Bach, with his objectives in mind, recruited two prominent researchers, William Cooper, an economist from the University of Chicago and Herbert Simon, a political scientist also from this university. The three shared concerns over the quality of the institution of business education (Khurana, 2007; MacKenzie, 2006). According to James Howell, the co- author of 1959 Ford Foundation report:

Under the guidance of Bach and Simon [Carnegie] was going to mobilize the methodologies, attitudes and recent advances of social sciences to investigate the phenomenon of organizational administration. The ultimate goal was the construction of a science of administration using economics and the behavioural and quantitative sciences as the starting points. If even partially successful, the Carnegie group would provide the intellectual basis for the hoped-for revolution in business education. Here was the advanced projects laboratory, the R&D group that EDA had to find or create; fortunately it already existed” (Howell, 1966 as quoted by Augier & March, 2011, p. 124).

GSIA had everything right from the onset and was very much in accordance with the requirements of discourses defining the order surrounding the institution of business education. According to Augier and March (2011), at GSIA:

“The economics that was taught was not ‘business economics’ but the advanced micro- and macro-theory courses of an economics department. Accounting was combined with statistics into a course on quantitative control. Management and organizational behaviour were transformed into an interdisciplinary course on ‘organizational theory’. Marketing emphasized analytical models for assessing demand and developing marketing strategy. Production management morphed into operations research, much of it using linear and dynamic programming methods. Almost as soon as computers were available, a computer management game was developed and used” (Augier & March, 2011, pp. 128-129).
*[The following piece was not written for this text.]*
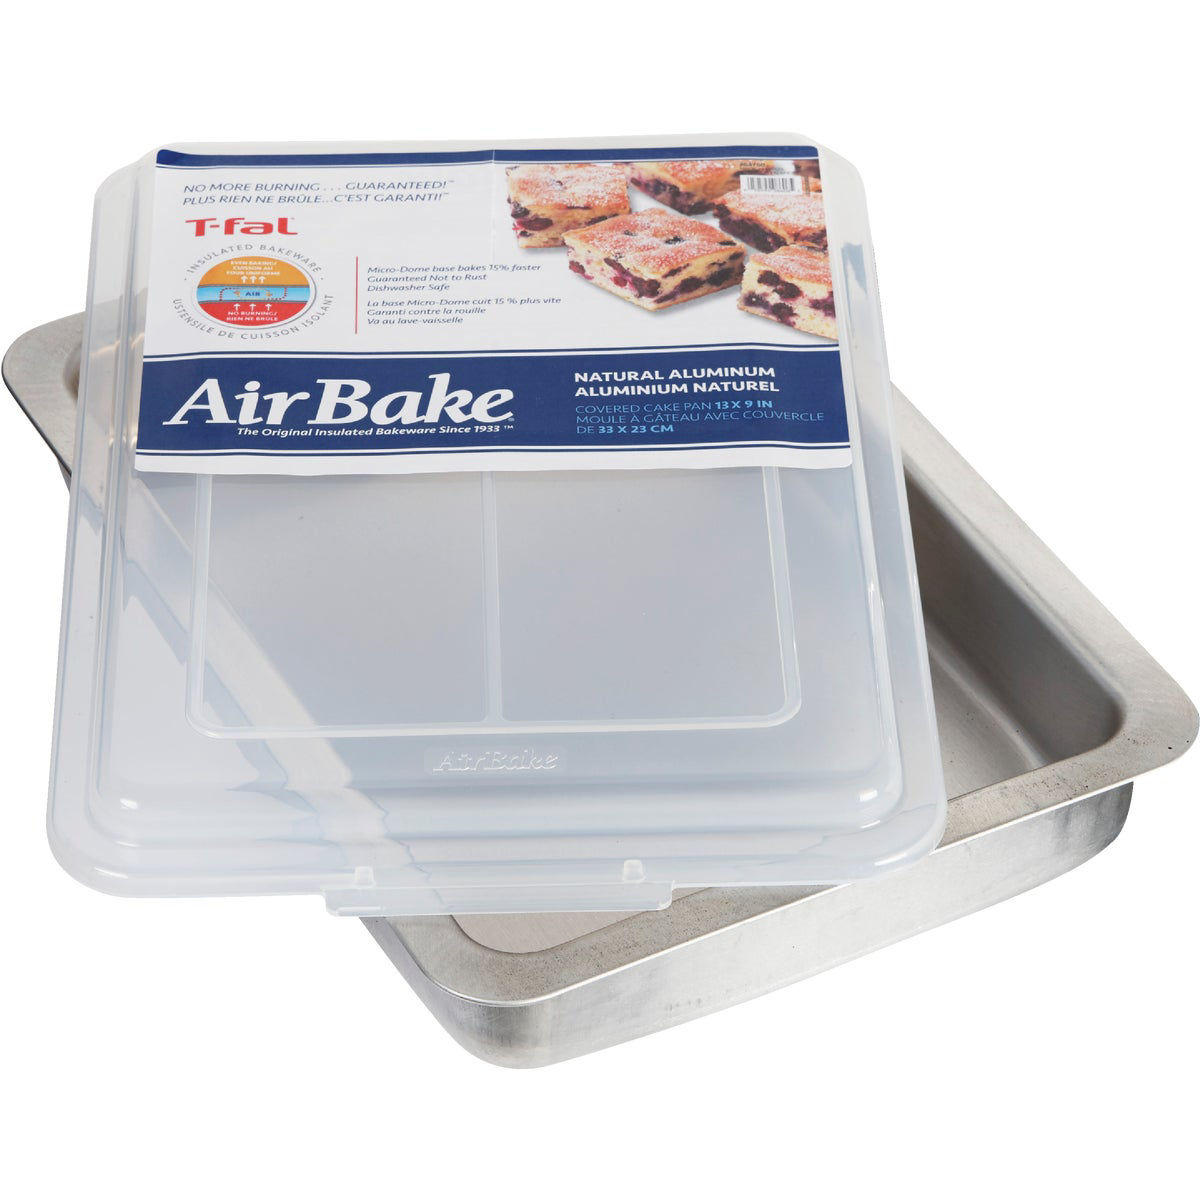 T-Fal Airbake Natural Large Cookie Sheet with Covered Cake Pan Set

It experimented with the many developed fields of the time and produced some of the most dominant present day theories in economics, management and finance.

It is through this interdisciplinary approach adopted at GSIA that modern

methodologies of the subject position of the institution of academic finance were developed (MacKenzie, 2006). Many of the early day theories were developed in the Space of GSIA,

guided by the Text of multi-disciplinary Practice of research as outlined by the Chicago Model through adopting the subject position of the institution of economics. The most famous among these were the Dividend Irrelevance and Capital Structure Irrelevance theory by Miller and Modigliani (1961) and Modigliani and Miller (1958), respectively.

To summarize the discussion in this section, the Practice of funding by foundations, importantly the Ford Foundation, resulted in creating the Space of business schools that

followed and were attempting to be in accordance with the Text set by Foundations. This, along with the dissatisfactions expressed by the academics over the quality of education, provided the opportunity for alternative theories to gain legitimacy. These theories, as it happened to be, were analytical and statistical in nature. As described earlier in Chapter One, the role of scienticism in the period was profound (Smiddy & Naum, 1954; Whitley, 1986b), thus in the context of vocabulary adopted for this thesis, one can argue that the order for the institution of business education had changed from vocationalism to scienticism.

Subsequently, we can see the proliferation of the theories that are found in any standard version of history. One of such theory, the Efficient Market Hypothesis, which was developed at the University of Chicago, will be analysed in detail in the next chapter.